Eski mezarlarin icinde bulunan kucuk camdan gozyasi siselerini ilk gordugumde cok takdir etmistim, kesinlikle cok yerinde bir adetti, cunku acinin kayit altina alinmasi, haykirilmasi lazimdi ve aci bosluga birakilamazdi... Ölüm, dunyadaki en sasirtici sey, dusunsene: var var var var....var ve bir anda YOK! Hele bir de hayatinizin en ortasindaki insanlardan birinin boyle aniden yok olusu... elbette ki o acilarin her zerresine kadar ozelenle sarilmasi ve saklanmasi lazim.
Lisede (yatili), ilk donem cok bunalmis ve cok aglamistim. Aglarken de peceteye ihtiyaci olur ya insanin, o gozyaslari ve sumuklerin gittigi peceteleri toplamis bir posete doldurmus eve donem sonunda eve getirmistim.

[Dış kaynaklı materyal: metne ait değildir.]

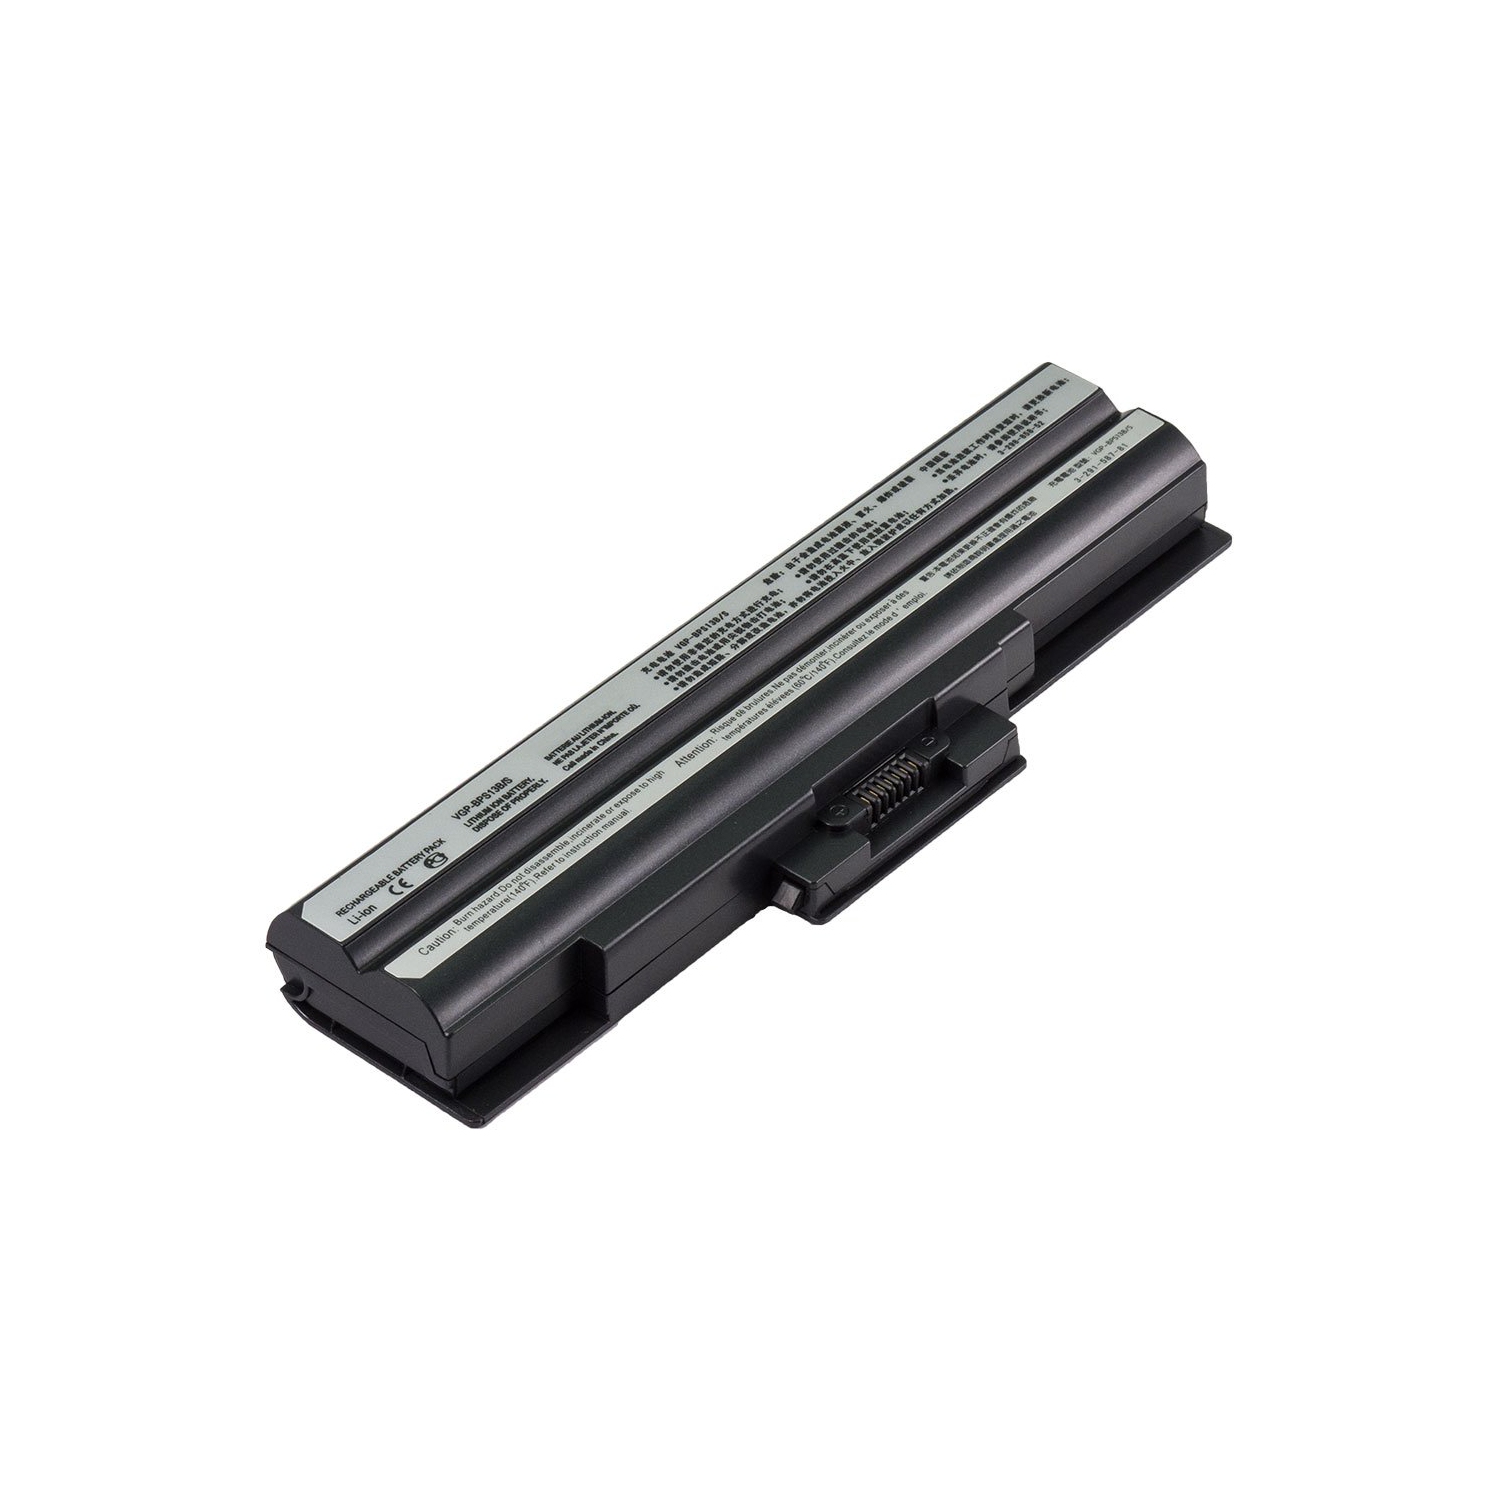 Laptop Battery Replacement for Sony VAIO VGN-CS180J/P, VGP-BPS13, VGP-BPS13/S, VGP-BPS13A/Q, VGP-BPS13B/B, VGP-BSP13/S
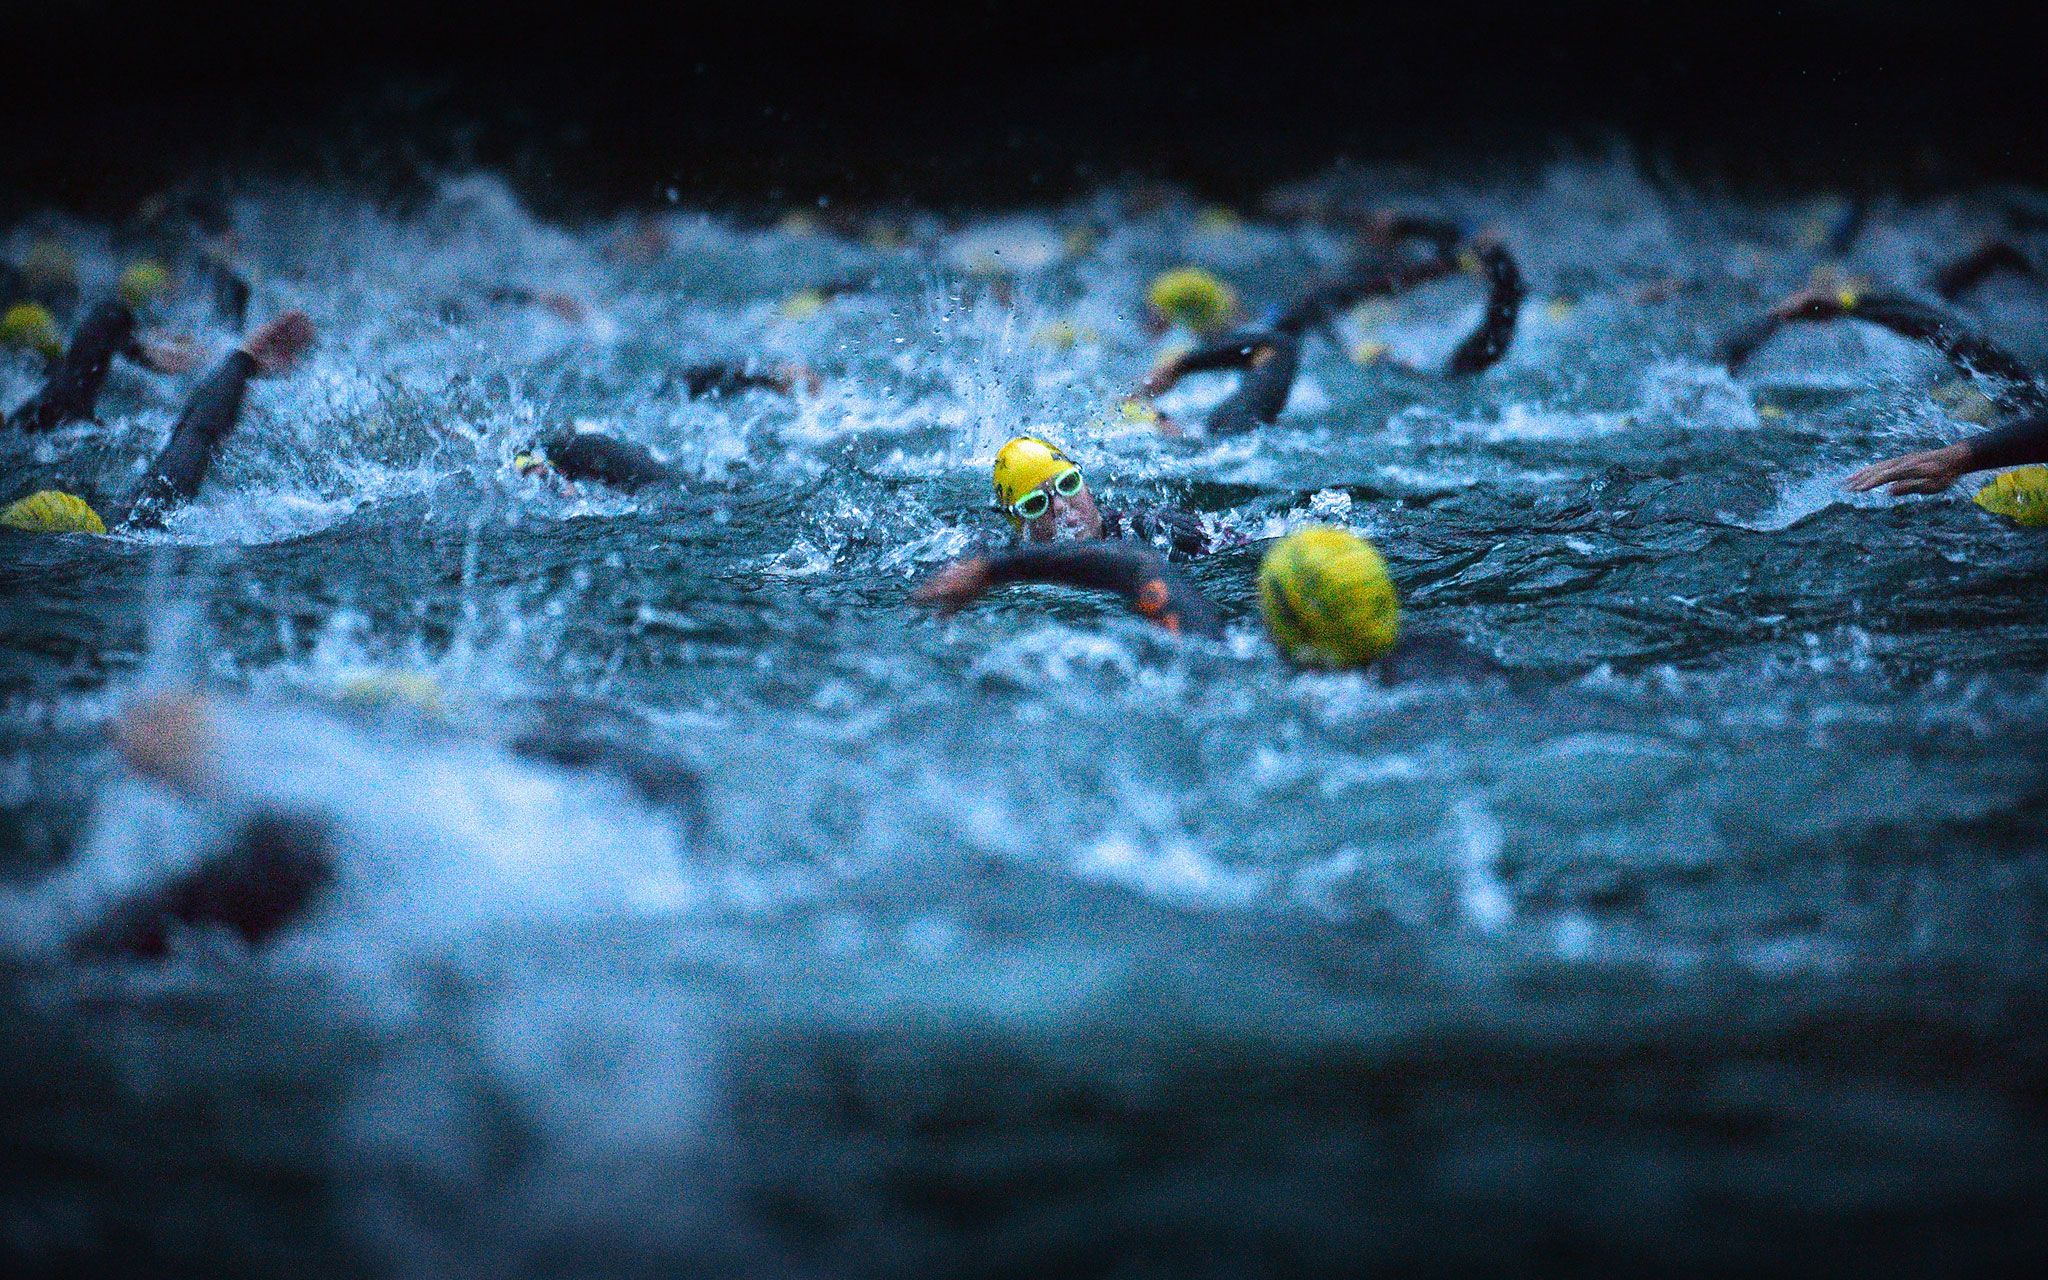 Norseman Xtreme Triathlon - The Week in Pictures for July 29

Cektigim acilari nişâni.
Siselenmesi gereken bir duygu daha taniyorum. Mesela yeni bir adim atarsin, evinden ayrilir bir yere gidersin, belki yeni bir ise baslamissindir, ilk bir hayal kirikligi olur, dengeni kaybedersin, onu asip kendini tekrar iyi hissedene kadar gecen zamanda yasadiklarini kucuk bir balona koyabilirsin, ama tabi agzini sıkıca baglamak sartiyla.
Duygulari element olarak dusunebiliriz, aci, sevinc, saskinlik... ama aslinda biz duygulari boyle element haliyle yasamiyoruz, complex duygu kokteylleri halinde yasiyoruz. Ayrica hissettiklerimiz belli bir olay ve ana spesifik ve bu yuzden cok boyutlu, beynin bircok bolgesi birden uyariliyor ve hal boyle olunca yasadiklarimiz anlayabilmek cok daha zorlasiyor. Zamanla ve deneyimle o karmasik duygulari tanimlayabilir hale geliyoruz. Benim de listemde el atimasi gereken bir duygu daha var, simdi daha degil... Zamani gelince onu da șişeleyip vitrine koymali.
2 comments:
Merak ettim hemşirem ama bırak merak edeyim böylesi daha güzel :) Muhteşem fikirleriniz olduğunu söylemiş miydim? Sümüklü mendil koleksiyonunuzu saygıyla selamlıyorum; bir nişan kadar önemli yaşam maceramızda….
sagol hemsirem, ben de sana hayatin hakkini vererek yasayanlardan oldugunu soylemis miydim?